Rawa News, 13 dicembre 2018 – Lauren Bohn
L’Afghanistan è ancora oggi classificato come il luogo peggiore in cui vivere per le donne
Traduzione a cura di: Lucia Olimpia, Claudia Pisell, Elena Boraschi, Simone Rivello
Mariam piange per sua figlia Najiba, 13 anni. Najiba, che è stata sposata per sei mesi, ha dichiarato, tramite la madre, che sua suocera l’avrebbe cosparsa di benzina e le avrebbe dato fuoco. Alcune infermiere dell’ospedale sono rimaste scettiche di fronte a questa storia e, sin da subito, hanno sospettato potesse essersi data fuoco da sola in un tentativo di suicidio. (Foto: Lynsey Addario/ NYTimes)

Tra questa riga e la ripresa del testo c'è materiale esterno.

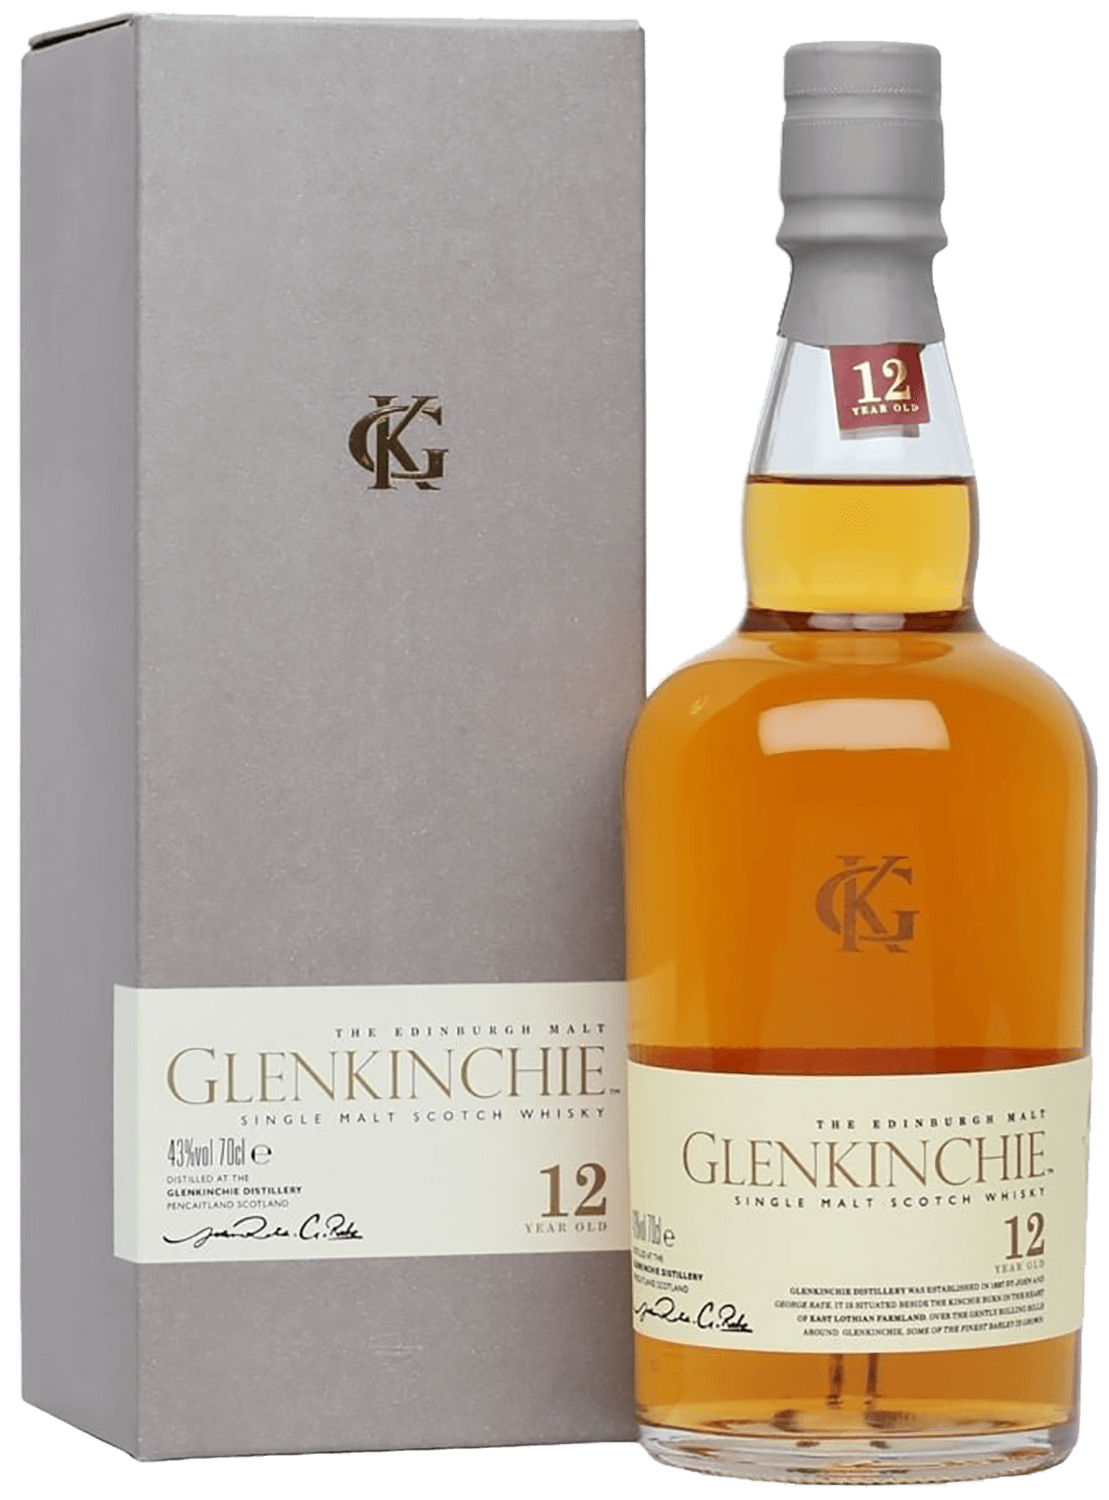 Glenkinchie 12 y.o. single malt scotch whisky (gift box)

Era una mattinata di sole all’inizio di dicembre dello scorso anno quando la ventitreenne Khadija si è data alle fiamme. Ha dato un bacio d’addio a suo figlio di tre mesi, Mohammed, e ha pronunciato una breve preghiera.
Ha supplicato:“Dio ti prego, metti fine a questa sofferenza” nel cortile assolato della sua casa a Herat, Afghanistan, mentre rovesciava cherosene da una lampada sul suo esile corpo. Poi ha acceso un fiammifero. Il cinguettio degli uccelli è stata l’ultima cosa che ha sentito.
La mattina seguente, si è resa conto che le sue preghiere non erano state ascoltate. Khadija, che ha chiesto al TIME di non pubblicare il suo cognome né quello della sua famiglia, si è svegliata nell’unico centro ustioni dell’ospedale di Herat, il corpo con ustioni di terzo grado avvolto da bende.
“Non sono viva e non sono nemmeno morta” mi ha detto Khadija la settimana scorsa, piangendo e stringendo le mani della sorella, Aisha. “Ho cercato di fuggire e ho fallito”. Come la maggioranza delle donne afghane, Khadija è vittima di violenza domestica. Ci ha raccontato per quattro anni suo marito l’ha picchiata e insultata: “sei brutta e stupida”, “una nullità.”
“Le donne non hanno mai una scelta,” ha detto Khadija lo scorso dicembre, in ospedale, con le lacrime che le rigavano il viso, un mosaico carbonizzato di cicatrici quasi irriconoscibile. “Se avessi potuto, non l’avrei sposato. Siamo tutte prigioniere in questo paese.”

Zahra è stata picchiata dal marito che le ha poi versato dell’acido sul viso. In questa foto si trova all’ospedale di Kabul. (Photo: TOLOnews.com)
La decisione di Khadija di darsi alle fiamme ha fatto arrestare il marito con l’accusa di violenza domestica, una situazione alquanto insolita in un paese in cui la violenza sulle donne è raramente criminalizzata. Ma anche se il marito sta scontando la sua pena in prigione, Khadija si sente comunque in trappola, più di quando ha cercato di togliersi la vita. I genitori del marito, che si stanno occupando di suo figlio, hanno dato un ultimatum a Khadija: se dice alla polizia di aver mentito, se dice che suo marito non abusa veramente di lei e se torna a casa allora potrà rivedere suo figlio. Se rifiuta, non lo vedrà mai più.
In un paese distrutto da decenni di guerre e povertà, la storia di Khadija mostra come le donne in Afghanistan stiano lottando per vivere dignitosamente. Evidenzia inoltre come, di fronte al misero sostegno del governo e ai sempre inferiori aiuti internazionali, le donne stiano cercando di intervenire per aiutarsi l’una con l’altra.
Non doveva andare così in Afghanistan, il paese di 35 milioni di abitanti in cui gli Stati Uniti hanno intrapreso una lunghissima guerra che era stata promossa, in parte, come “una lotta per i diritti e la dignità delle donne”. I Talebani hanno governato l’Afghanistan dal 1996 al 2001, periodo in cui le donne erano praticamente invisibili nella vita pubblica, andare a scuola e lavorare era proibito. In un discorso via radio alla nazione del 2001, la allora First Lady Laura Bush, incoraggiò gli americani a “unirsi alle nostre forze e lavorare per garantire e mettere al sicuro la dignità e le opportunità di donne e bambini in Afghanistan.” Nel 2004, il presidente George W. Bush dichiarò la vittoria degli Stati Uniti.